◆ **Recorded information**
BEGIN
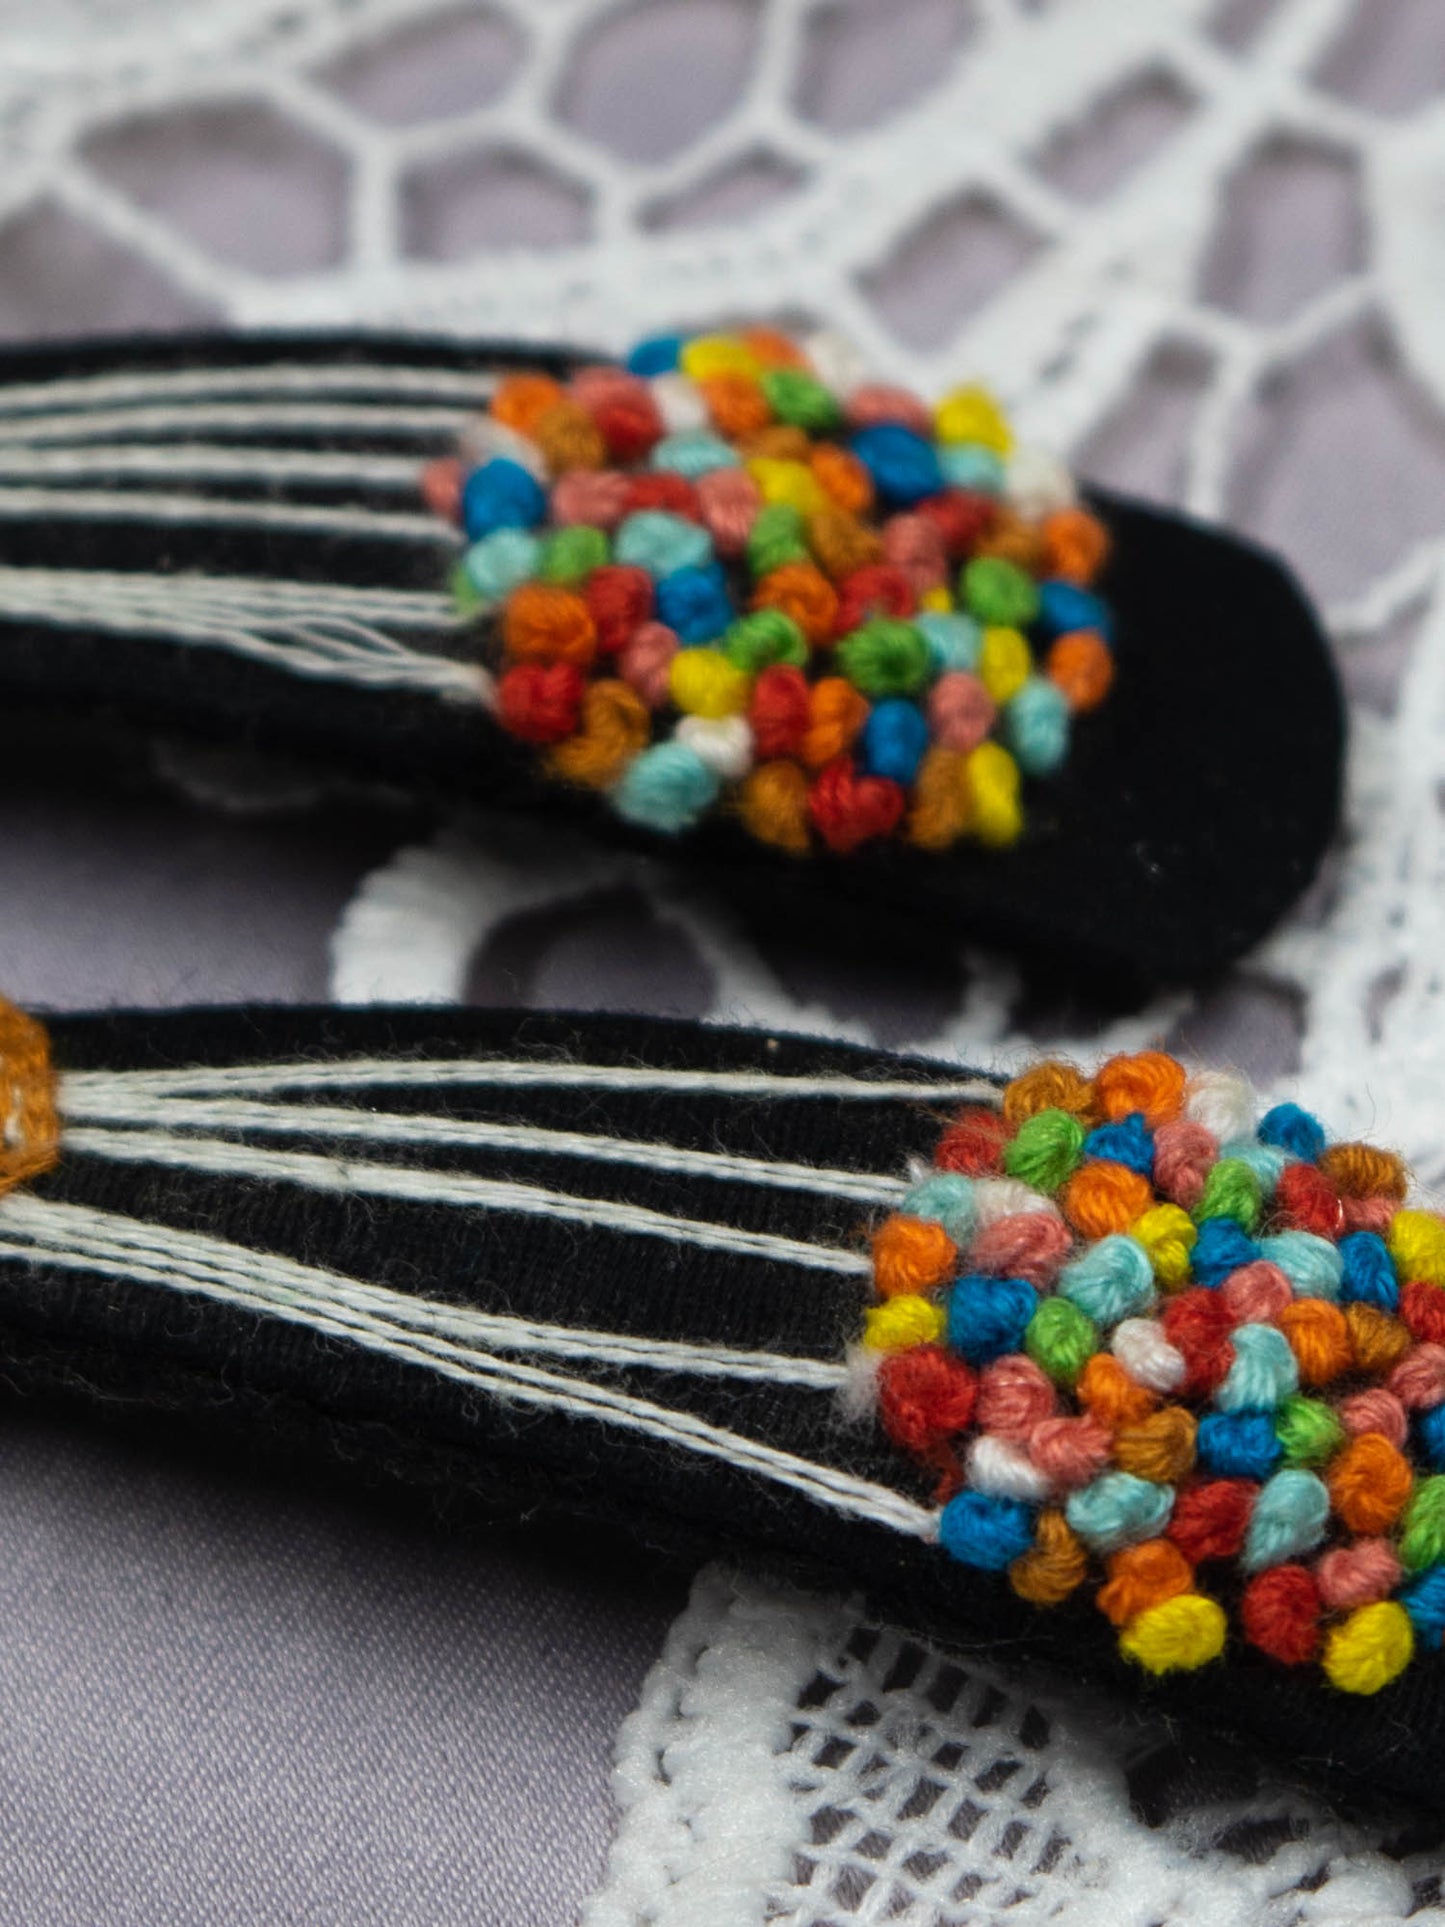 Hand Embroidered Clips (Variation 29)
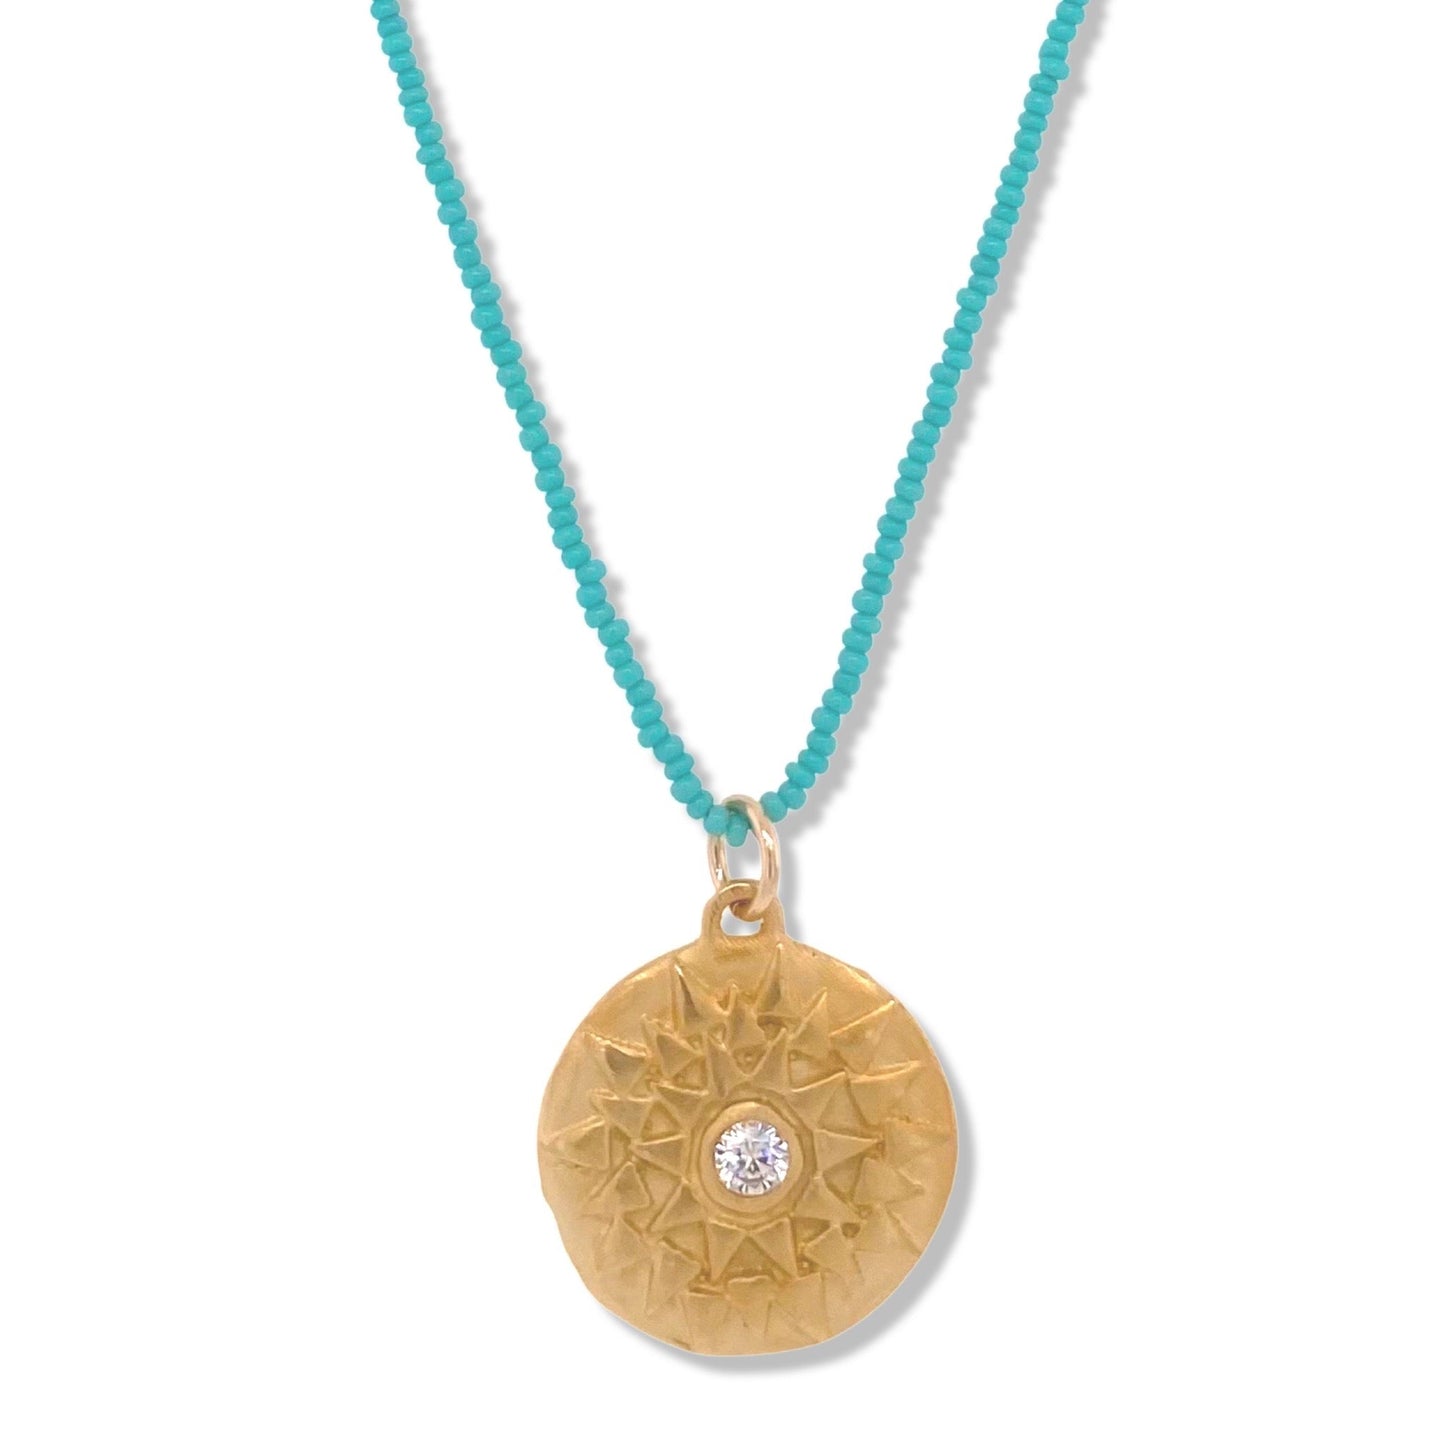 Kha Necklace in Gold on Tiny Turquoise Beads | Nalu | Nantucket
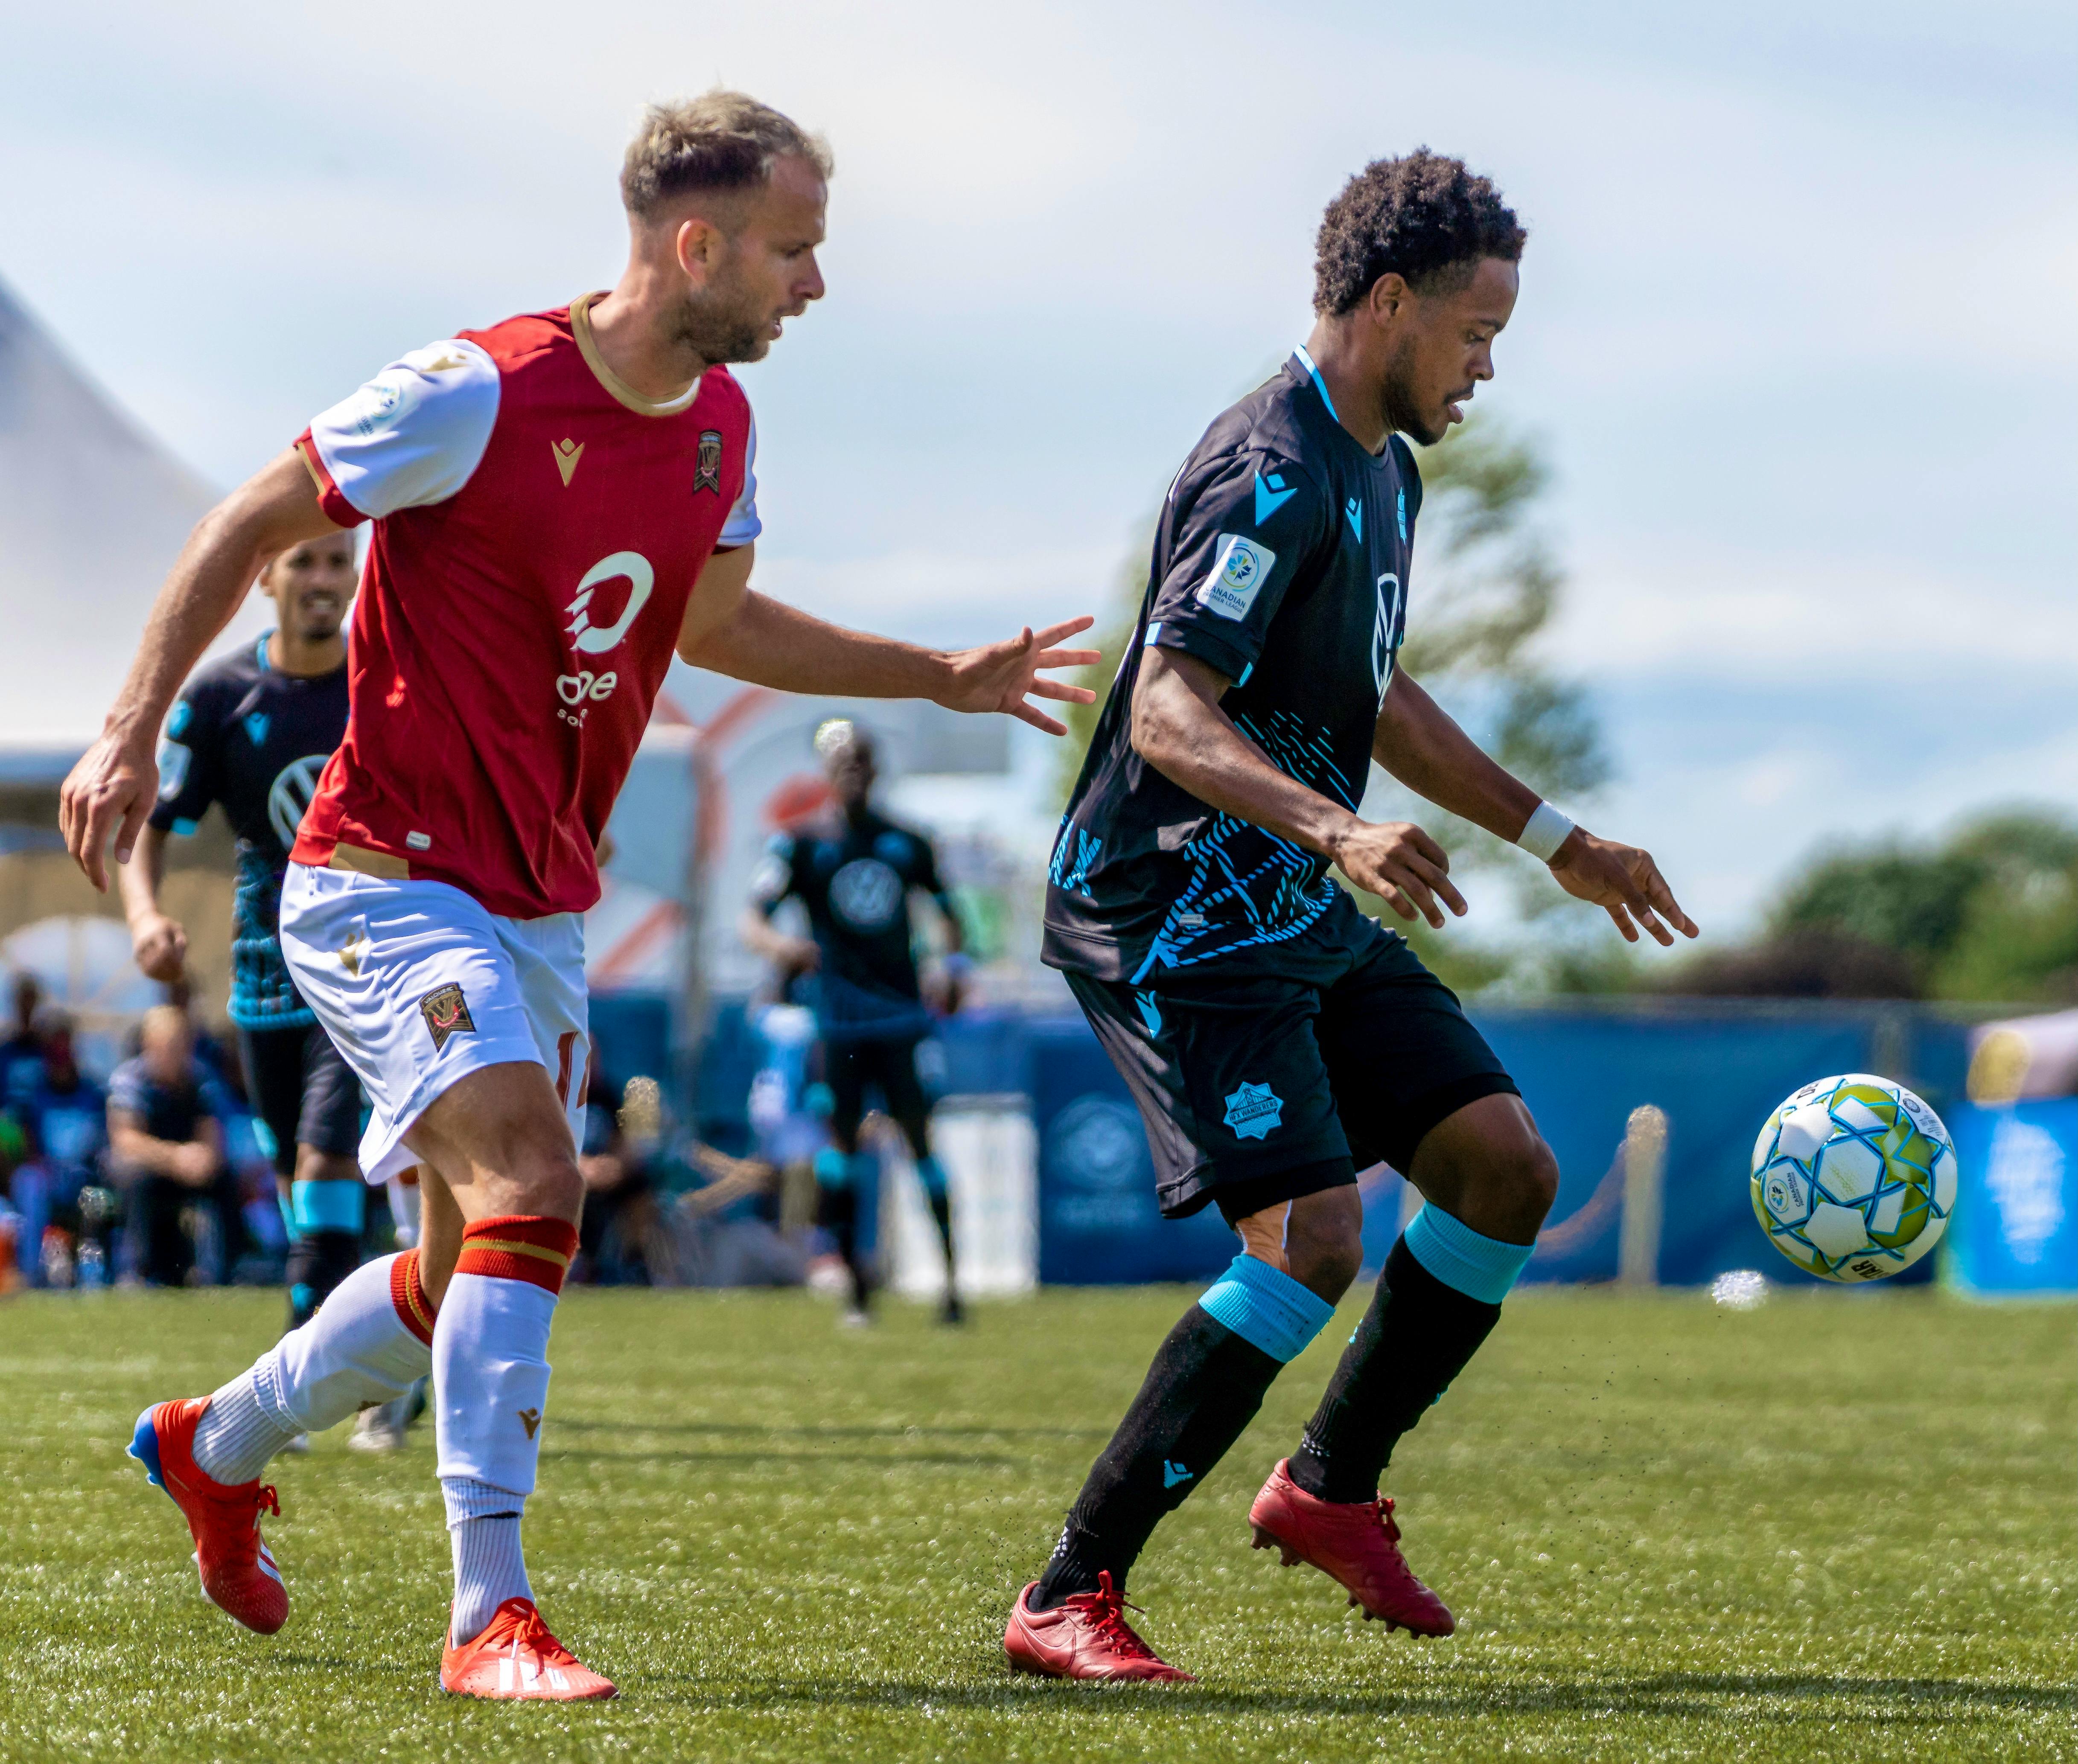 HFX Wanderers attacking midfielder Alex Marshall controls the ball during a match at the 2020 Island Games season tournament in Charlottetown. - Dylan Lawrence / HFX Wanderers
END
◆ **Problem requirements**
Each line of the material needs to be given again exactly, without any of its pictures.

◆ **Worked solution**
 Hand Embroidered Clips (Variation 29)
 Kha Necklace in Gold on Tiny Turquoise Beads | Nalu | Nantucket
 HFX Wanderers attacking midfielder Alex Marshall controls the ball during a match at the 2020 Island Games season tournament in Charlottetown. - Dylan Lawrence / HFX Wanderers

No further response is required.